Deep breath in, deep breath out.
I keep reminding myself of this as I glance around at our deconstructed home. Boxes are currently surrounding me and my house looks as if a tornado hurled through it. These are the marks of transition. Chaos. Disorder. And new beginnings that can only come with an ending.
In just five short days my husband, little boy, and I will load a moving van and journey east towards Atlanta as we embark on a new adventure! After serving for five years at our local church, the Lord has called us to take a step of faith and walk into a new season of life. My precious husband has taken on a new position at the Winshape Foundation, specifically Winshape Camps, and we couldn't be more excited! Our gaze is straightforward and our hearts are expectant as we move forward on this adventure God has been taking us on.

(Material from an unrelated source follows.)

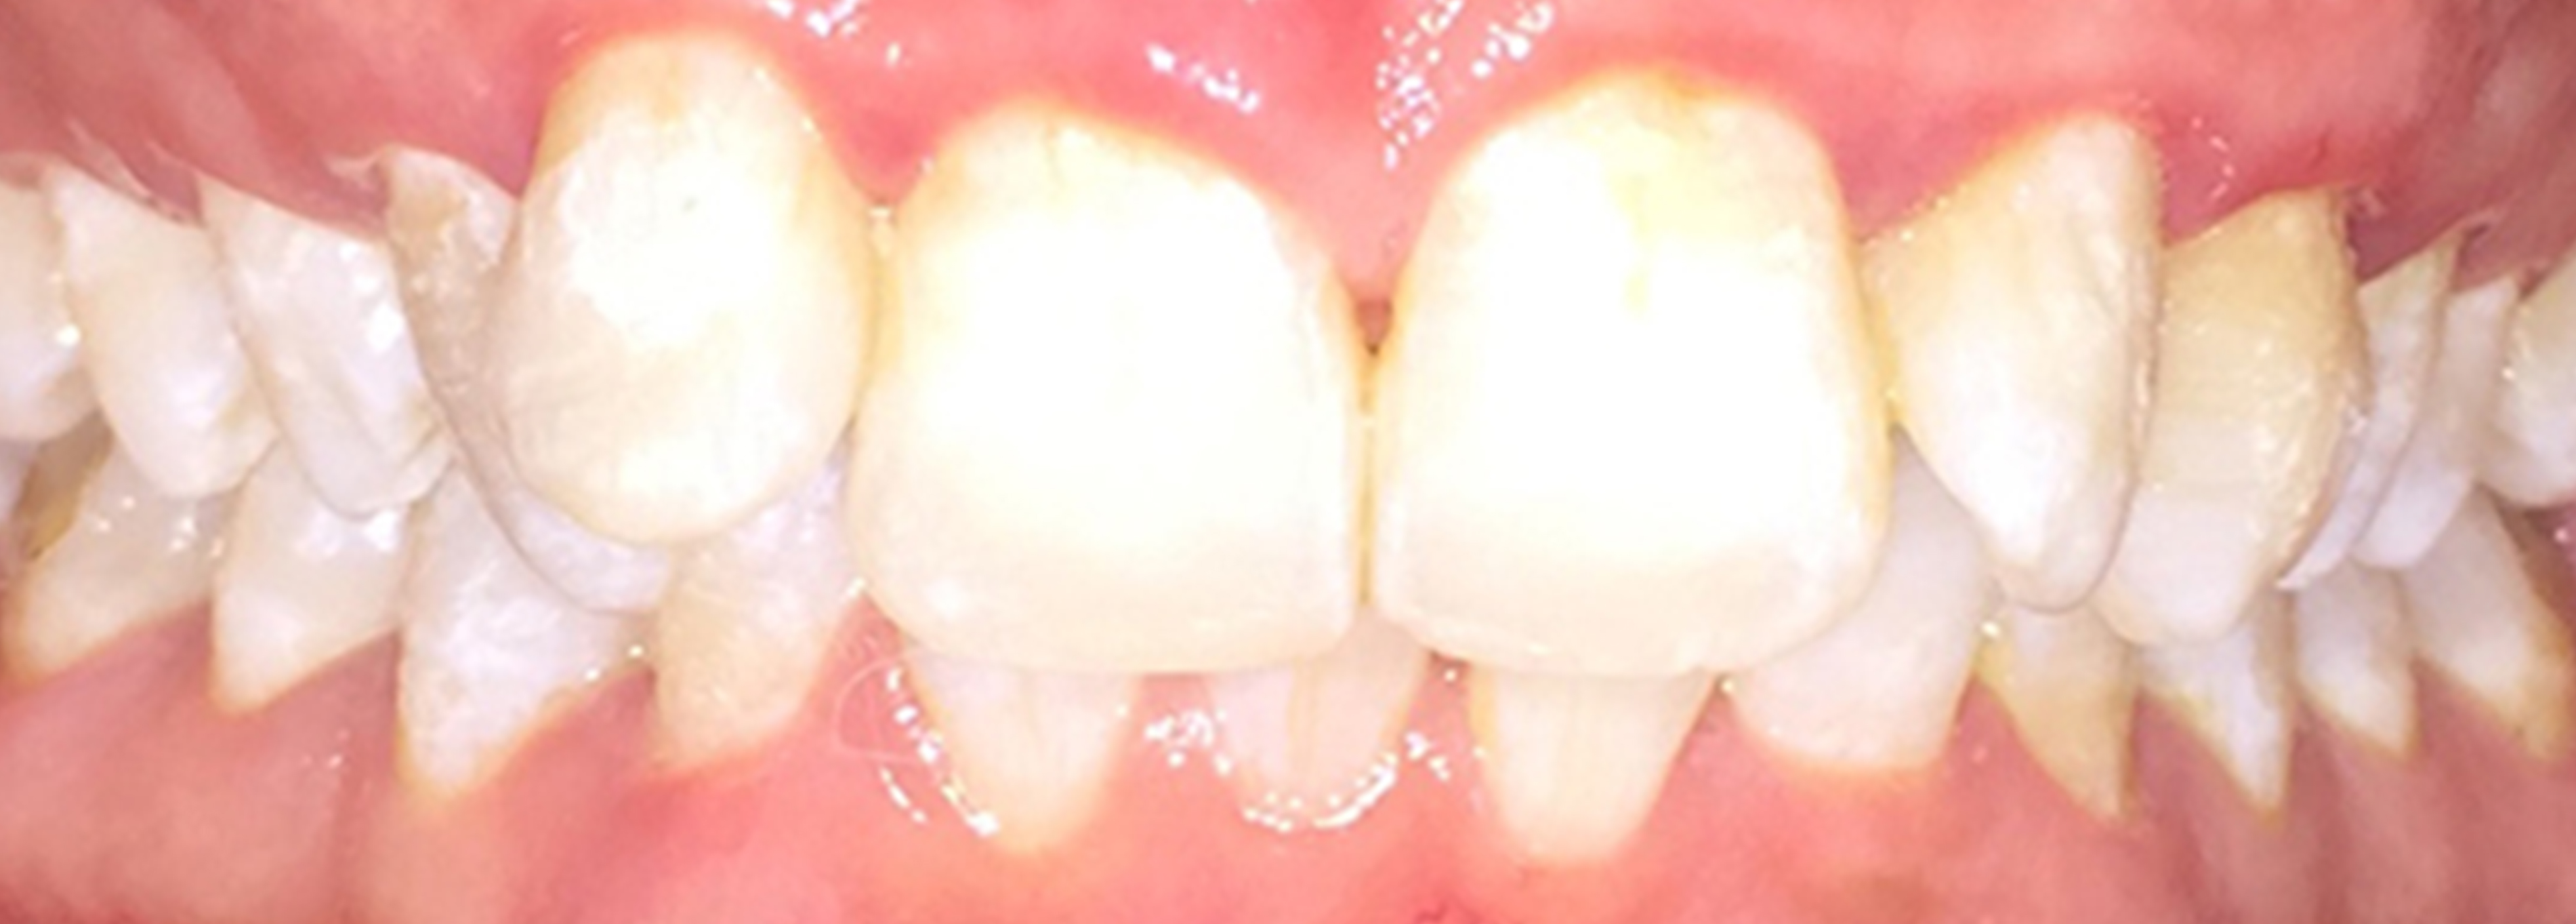 Side Gap Teeth | Before Treatment | Flash Orthodontics

As we've began walking through this very brief and intense season of transition, the Lord has been opening my eyes to several aspects of His character; specifically, His stability when our world is unstable. I'm a creature of comfort. I thrive in a clean, put together home. I sleep better at night when the kitchen counters are wiped down and the laundry is folded. And yet, I've learned that those comforts in life are as fleeting as a spring flower that is here one day and gone tomorrow. This world will never offer the lasting comfort we long for.
surrendering control
Packing up our house has been a soul-scrubbing act of surrender. Each day I wake up to a long to-do list that needs to be done and a choice to make: Will I be consumed with worry and overwhelmed by my to-do list? Or will I be consumed by God's grace and overwhelmed by His faithfulness? It's a daily, moment-by-moment choice to choose surrender and trust, and yet it is always worth it. When the world is unstable, chaotic, and "out of our control", we can trust in God's steady, consistent, never-ending grace. He is our stability during times of transition.

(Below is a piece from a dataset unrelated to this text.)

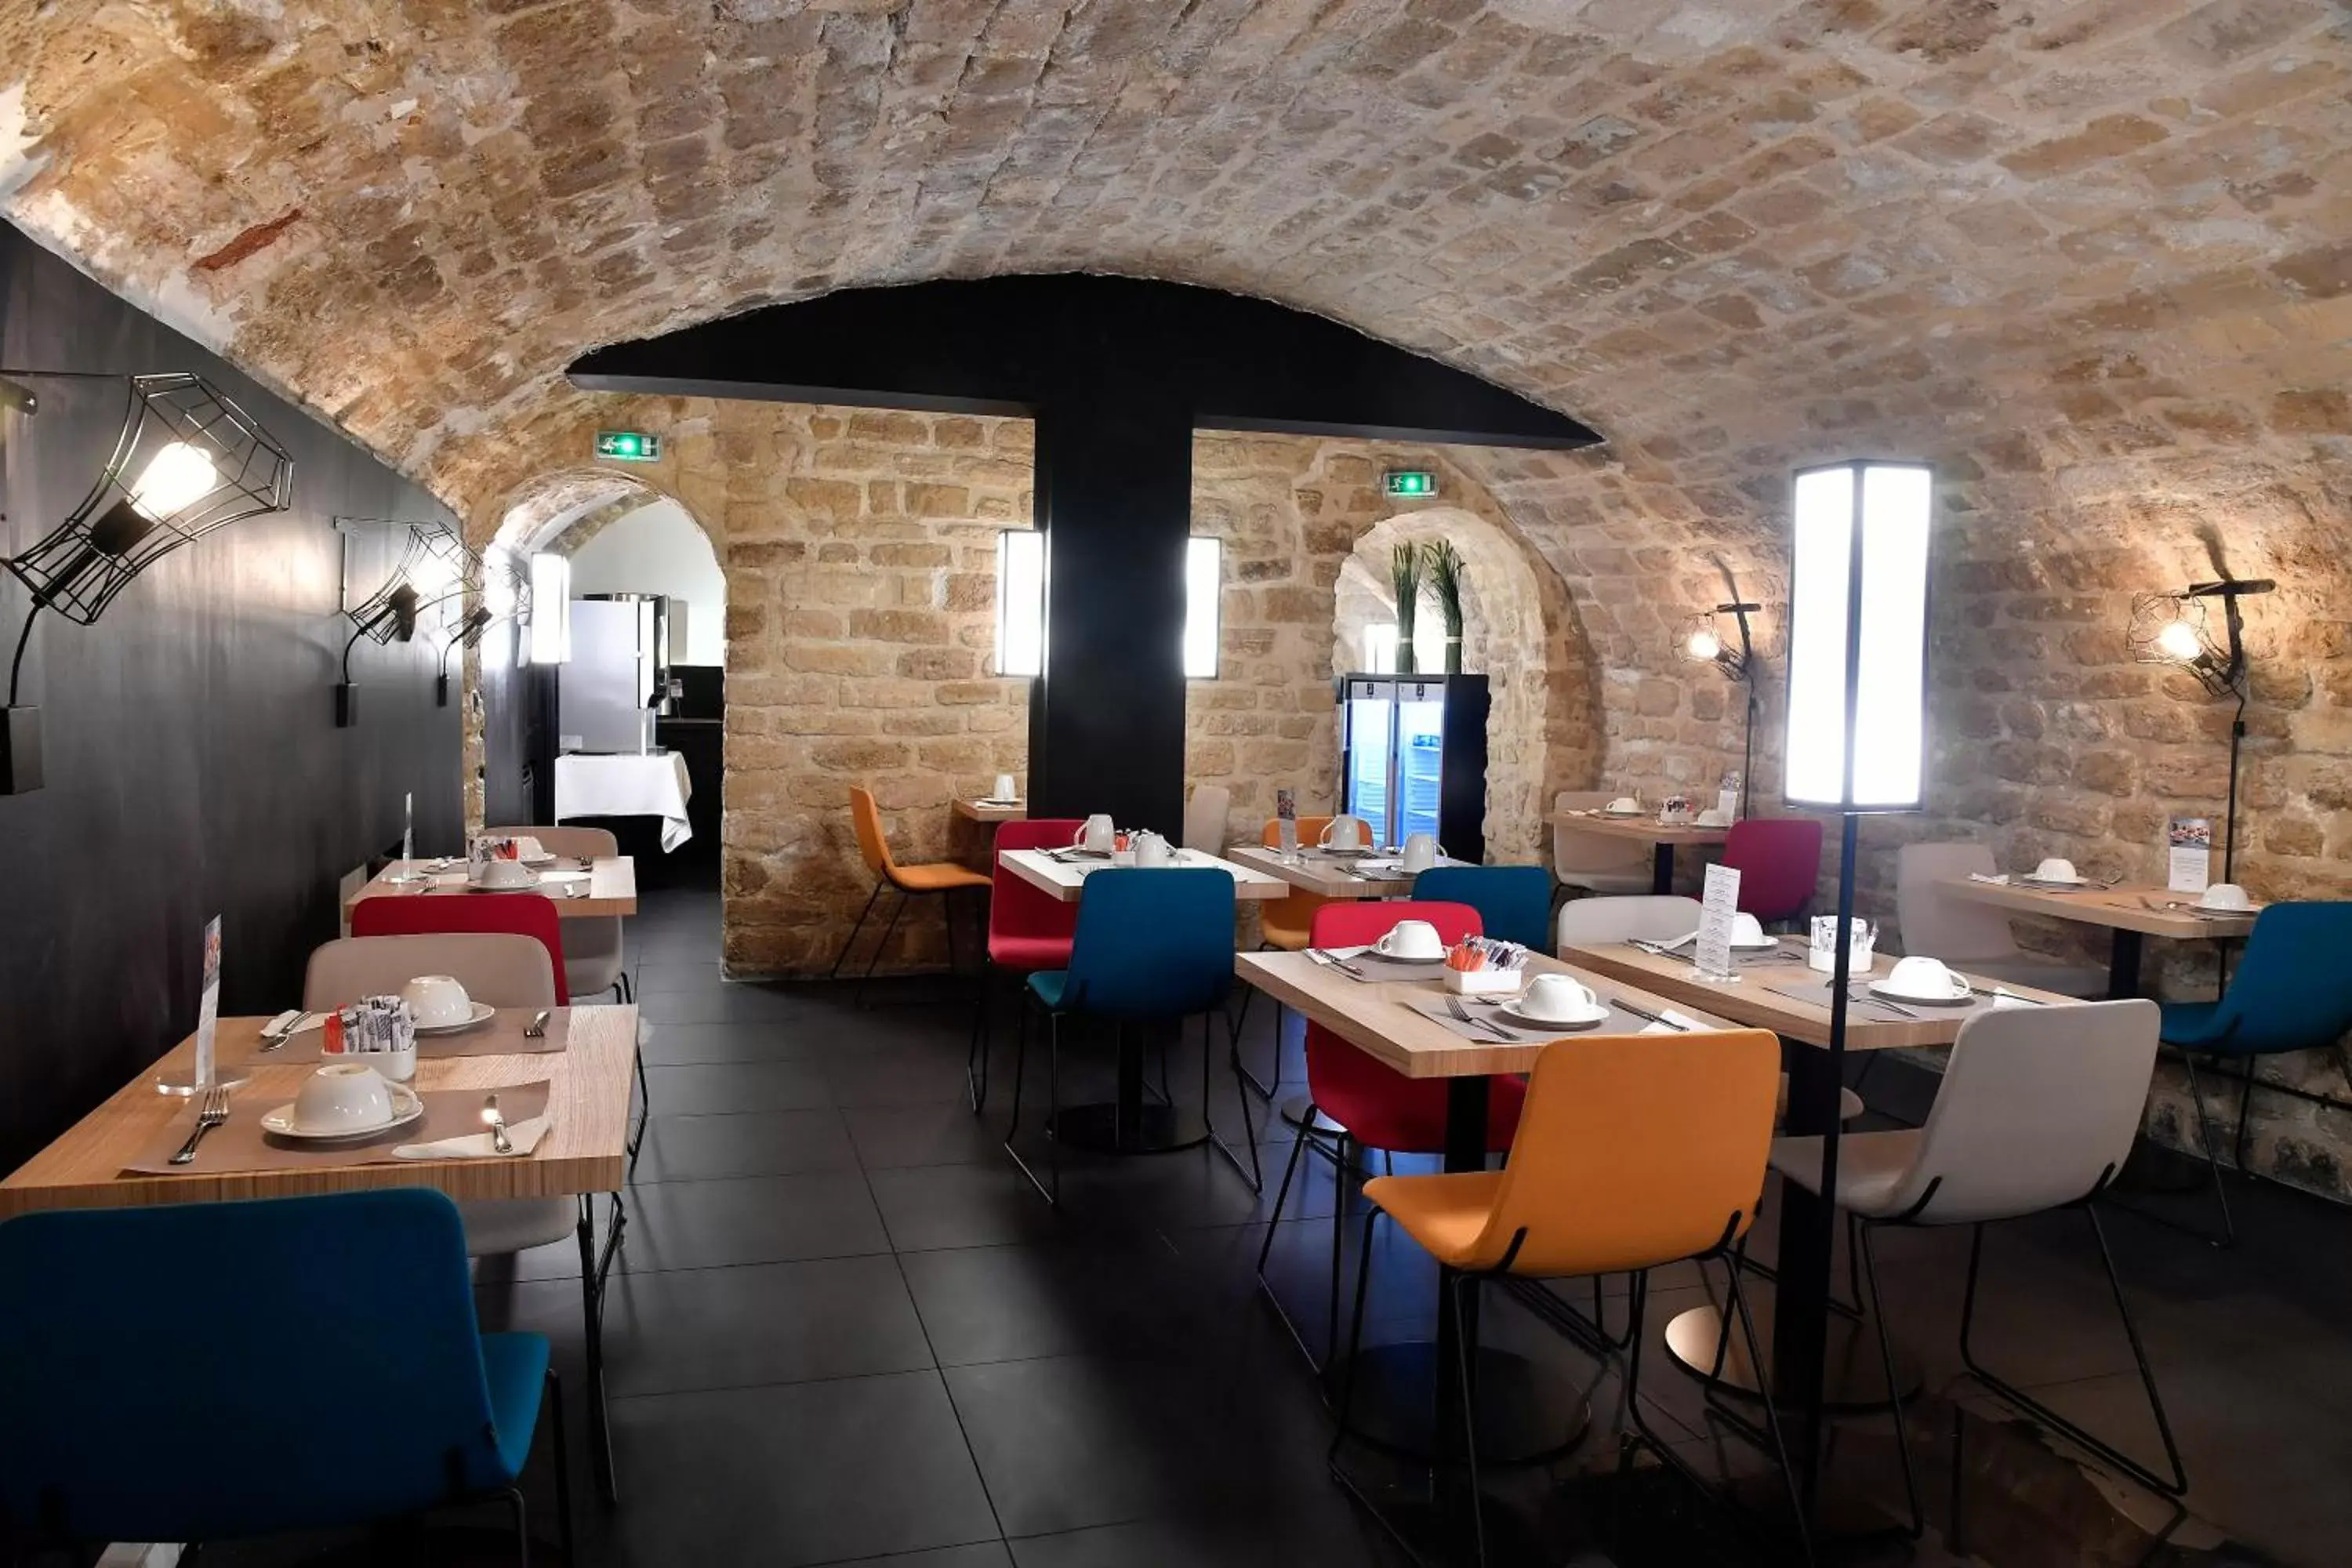 Area and facilities, Restaurant/Places to Eat in Mercure Paris Gare de l'Est

And so, I can feel the tension in my soul: to worry or worship, to breathe deep breaths of trust or sigh breaths of stress.
It's only God's grace when we choose what is good and right and lean into His strength. Because ultimately, if the entire world crumbled in an instant, His Word would still stand, and His Word would still hold our hearts together in one piece. That is a fact we can cling to, always.
The greatest encouragement I want to offer you, my friend who is walking through a season of transition, is this: Don't neglect reading your Bible just because your home is torn apart or your to-do list is long. Don't put your feelings before the facts of God's unfailing, unchanging Word. It is your lifeline, it is your stability, it is your comfort. No matter where you live, no matter how messy your home becomes, and no matter how you feel each morning—His Word will not disappoint or fail you. Your life may look different than you expected, and your worldly comforts may be gone for a season, but His Word will sustain you and give you exactly what you need each day.
Jesus Christ is your Stability in seasons of transition. Keep Him first, for He will not let your world crumble, nor will He allow these packing boxes to overwhelm you. As a matter of fact, He will give you more than you could ever hope for: peace.
I’m so excited for you, friend!! Love hearing about what’s upcoming for the Saffleses! My brother is in Atlanta and I was just there visiting him in early October- such a fun city! Next time I’m there I’ll holler at you! 🙂
Happy for you! Sorry I never got to meet you while you were here in Knoxville. I can totally relate to this post, we moved a little over a month ago. We’re still trying to get settled. Just since we moved here my oldest son and his wife moved and my second son left for Army basic training. It has been a whirlwind but my time with Jesus has been so precious to me. I can definitely see a difference in the move this time and previous moves. There’s been more of a peace and calm in the midst of the chaos, even with 5 more children still at home. God is so good and faithful. He’s taught me so much and I love him so! Thank you for all that you do to minister and share. You’ve helped me grow. God bless you!! Safe and peaceful travels.
Thank you…
After a long season of happy and not so happy things happening i am in the middle of transition. Moving with no real certainty in sight I have felt that this year 2018 is about change, trust and identity and for someone who thrives in order and organisation transition is hard. The ground feels like it moving, while we move house, nothing feels certain. But your words spoke truth to me on basing my trust in gods unfailing, unchanging word, above my feelings that change more than the seasons.
Thank you, this article gave me a needed reminder of gods faithfulness in every season, especially when you are in transition and it feels like you aren’t in a season at all.
x
Thank you for this. I am transitioning from 6 years in Bolivia as a missionary to life back in the States… I relate with so many things you said. Thank you for the powerful truths you shared.